■ RAW DATA

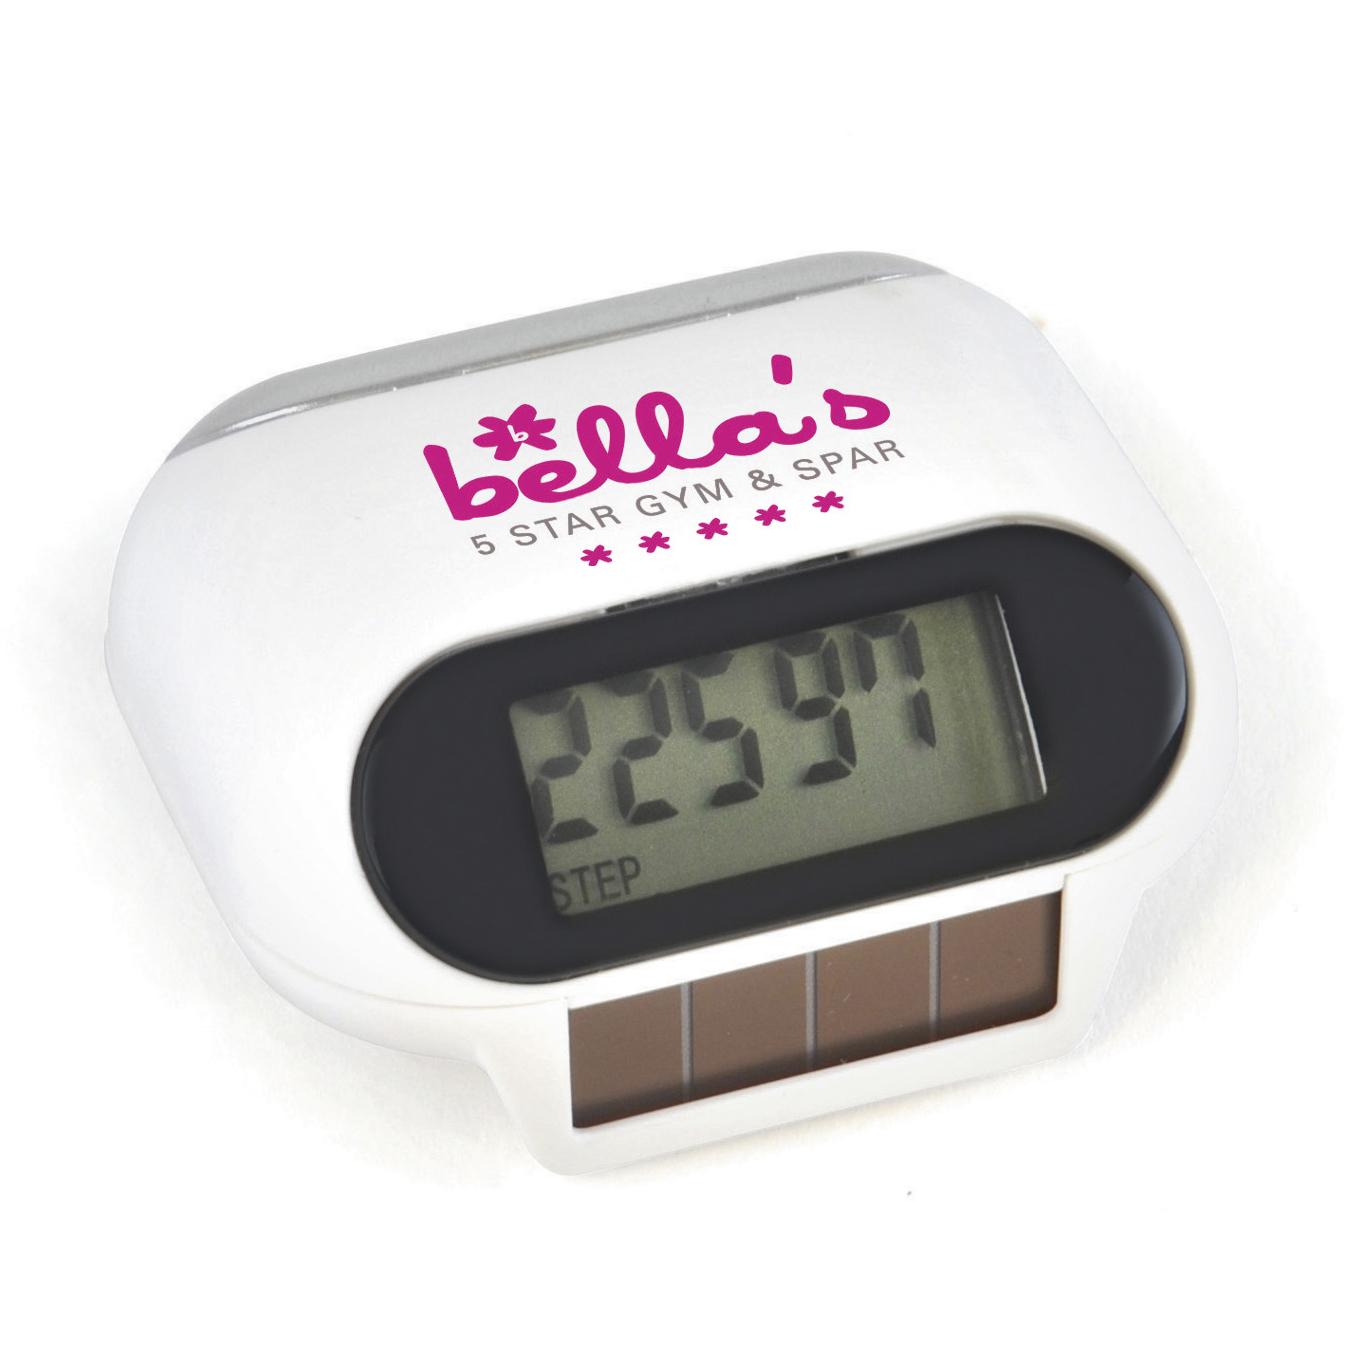 Promotional Mishnock Solar Pedometer
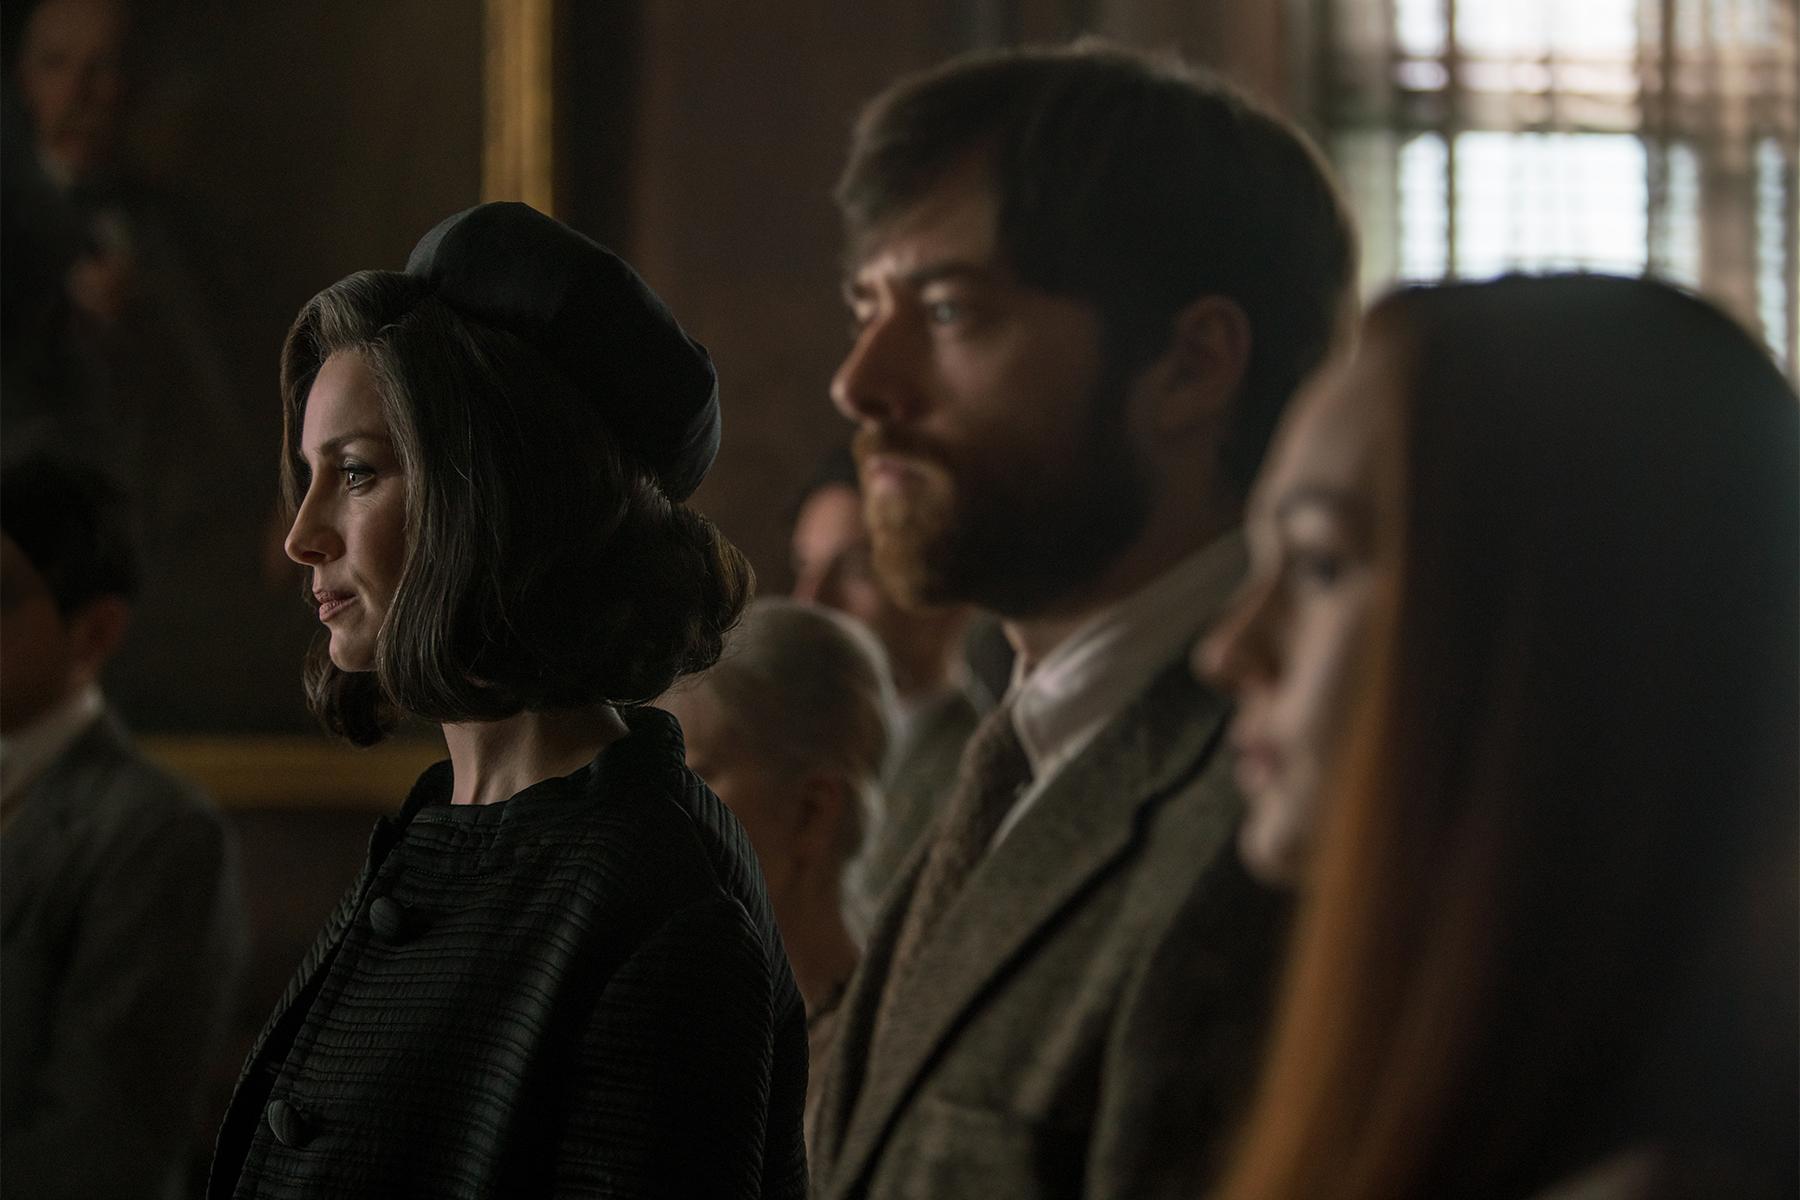 Caitriona Balfe (Claire Randall Fraser), Sophie Skelton (Brianna Randall) and Richard Rankin (Roger Wakefield)
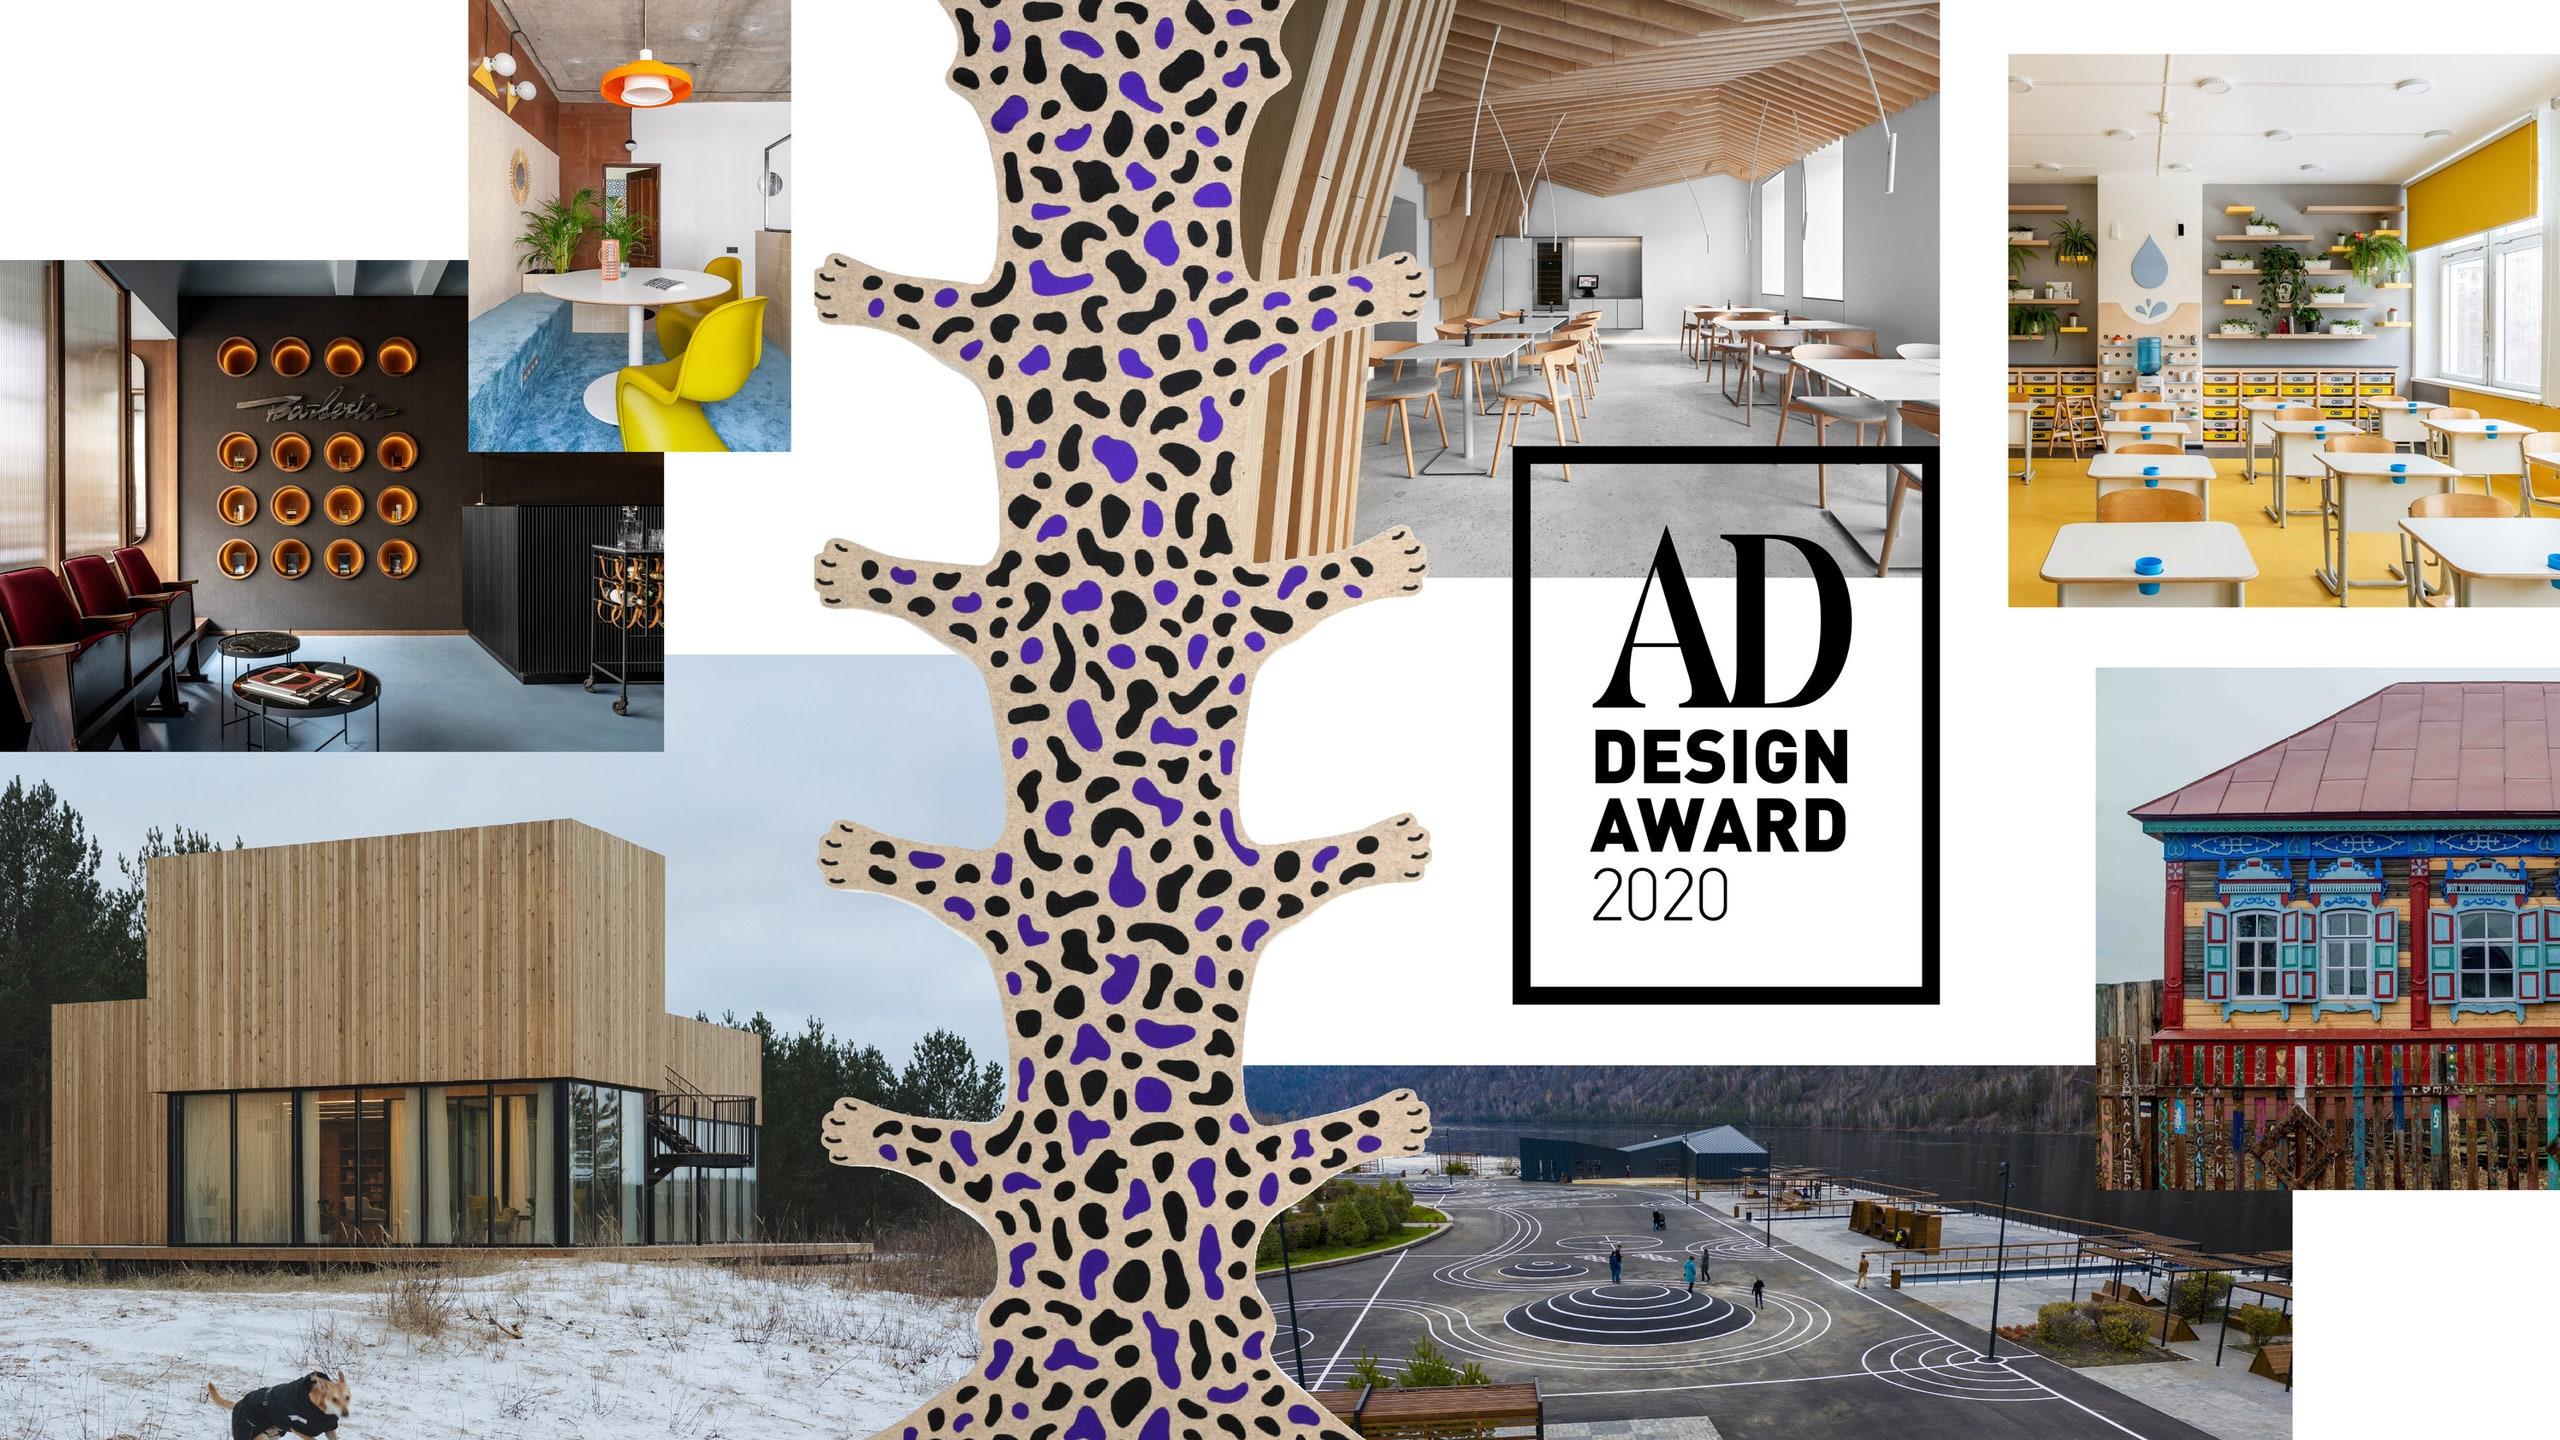 AD Design Award 2020 10

■ EXERCISE INSTRUCTIONS
Transcribe exactly the line containing "Caitriona Balfe (Claire" and every line after it through the end of the listing above; pictures are not part of the copy.

■ PROBLEM SOLUTION
 Caitriona Balfe (Claire Randall Fraser), Sophie Skelton (Brianna Randall) and Richard Rankin (Roger Wakefield)
 AD Design Award 2020 10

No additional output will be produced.